Bediako, D. Kwabena ^[1]; Solis, Brian H. ^[2]; Dogutan, Dilek K. ^[1]; Roubelakis, Manolis M. ^[1]; Maher, Andrew G. ^[1]; Lee, Chang Hoon ^[1]; Chambers, Matthew B. ^[1]; Hammes-Schiffer, Sharon ^[2]; Nocera, Daniel G. ^[1]

Harvard Univ., Cambridge, MA (United States)
Univ. of Illinois at Urbana-Champaign, Urbana, IL (United States)
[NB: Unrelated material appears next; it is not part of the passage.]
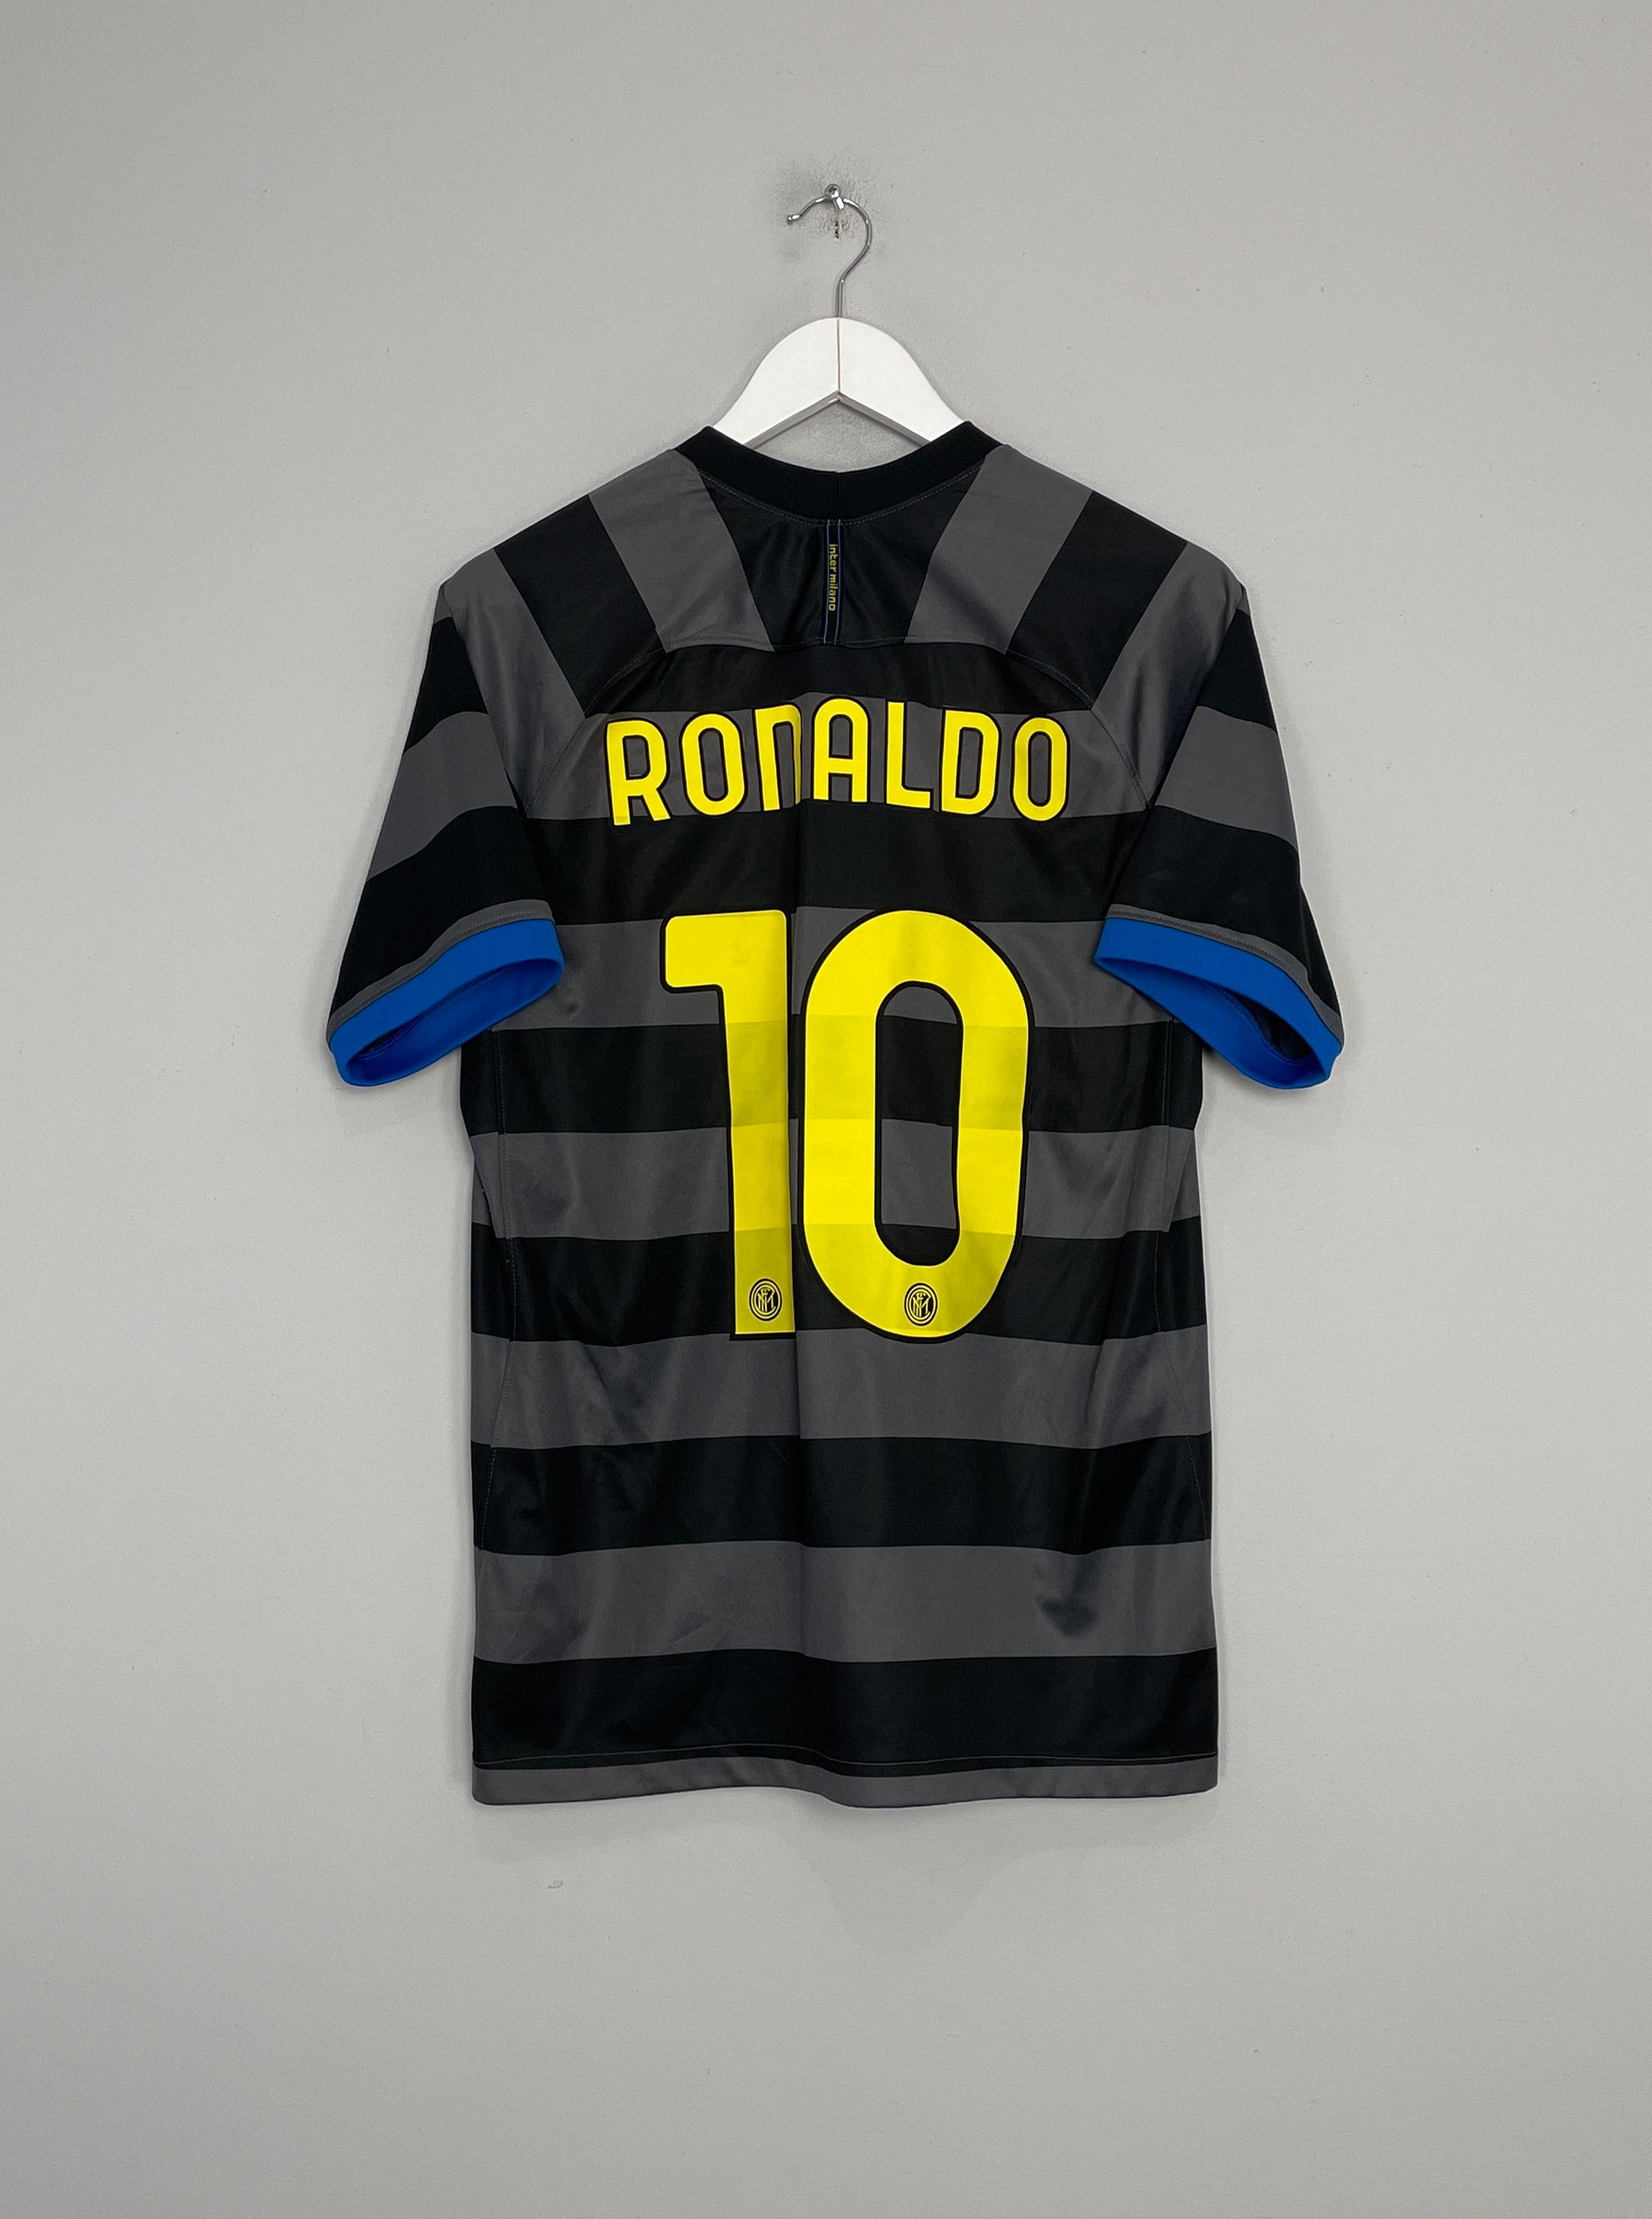 Image of the Ronaldo Inter Milan shirt from the 2020/21 season

Here, the hangman motif provides mechanistic insights into the role of pendant proton relays in governing proton-coupled electron transfer (PCET) involved in the hydrogen evolution reaction (HER). We now show improved HER activity of Ni compared with Co hangman porphyrins. Cyclic voltammogram data and simulations, together with computational studies using density functional theory, implicate a shift in electrokinetic zone between Co and Ni hangman porphyrins due to a change in the PCET mechanism. Unlike the Co hangman porphyrin, the Ni hangman porphyrin does not require reduction to the formally metal(0) species before protonation by weak acids in acetonitrile. We conclude that protonation likely occurs at the Ni(I) state followed by reduction, in a stepwise proton transfer–electron transfer pathway. Spectroelectrochemical and computational studies reveal that upon reduction of the Ni(II) compound, the first electron is transferred to a metal-based orbital, whereas the second electron is transferred to a molecular orbital on the porphyrin ring.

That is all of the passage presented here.